Swift for Dummies

June 04, 2014

At WWDC 14, Apple introduced its new programming language: Swift. Nobody knows for sure what will happen to Objective-C, but one can only guess it won’t be around for long. My guess is that Apple will be accepting ObjC apps up till iOS 10, but that is just my guest.

By attending to the WWDC I had the opportunity of directly contacting Apple’s engineers and insights most of people couldn’t, so in the next posts I’ll cover the basics of Swift.

It doesn’t matter if you’re new to iOS or an experienced programmer. Now, we’re all in the same boat. We all have to learn Swift from scratch, so forget everything you know about Objective-C and get ready to learn this brand new language. By the way, its potential is overwhelming.

The basics

As far as I could tell, Swift borrows concepts from Python, Javascript and even Java. It’s syntax also resembles these languages very much.

You can forget about pointers for now, most of what we’ll be using in Swift is passed through references.

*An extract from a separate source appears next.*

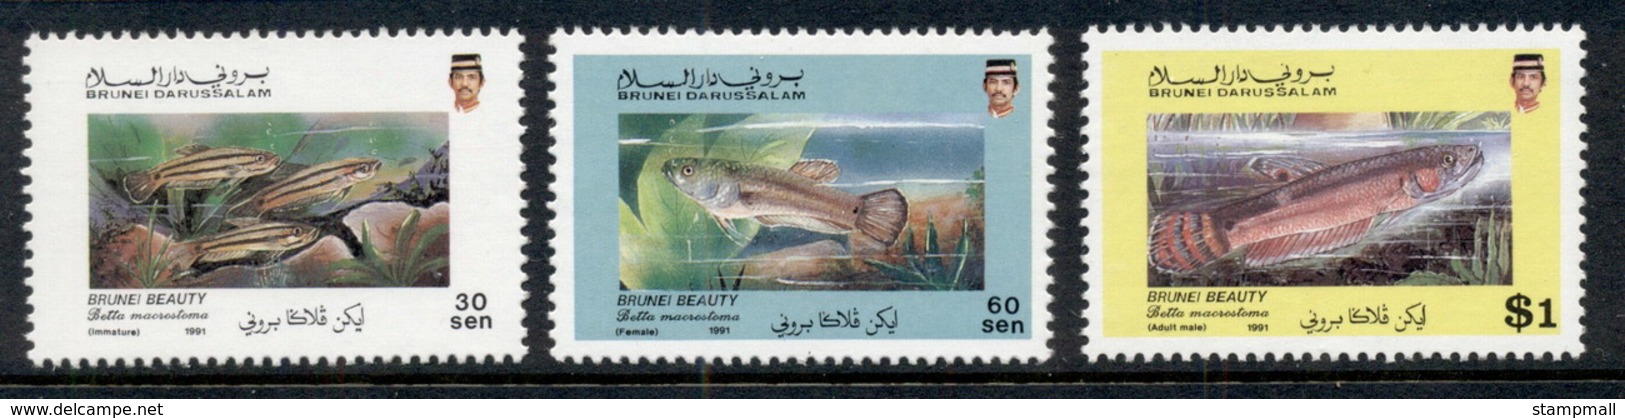 Brunei 1991 Freshwarer Fish MUH - Brunei (1984-...)

No more asterisk (woohoo \o/).

Swift plays with the concepts of variables and constants. There’s no type definition to neither of those just the declares var, for variables, and let for constants. As you may have figured out, constants can’t be altered. We’ll cover when to use it in a few steps.

var foo = "this is getting good"

let x = 42

Yep, there are no semi-colons at the end of statements.

Switches are extremely powerful. Cases can be variables, strings, even a range of numbers. Also, cases don’t automatically fall through the next condition, so there’s no need to break.

switch myvar {
    case 4:
        // do something

    case someOtherVar:
        // this is getting wild

    case "string":
        // holy cow!

    case 1..4:
        // ok, this is awesome
    default:
        // something unimplemented
}

There’s also no need for surrounding parenthesis when working with conditions, unless it’s a complex condition, as usual. Switches in Swift (yep, try saying that three times) are exhaustive. That means that you must either supply cases for every possible condition or a default to handle everything else. XCode will error at compile time if you don’t.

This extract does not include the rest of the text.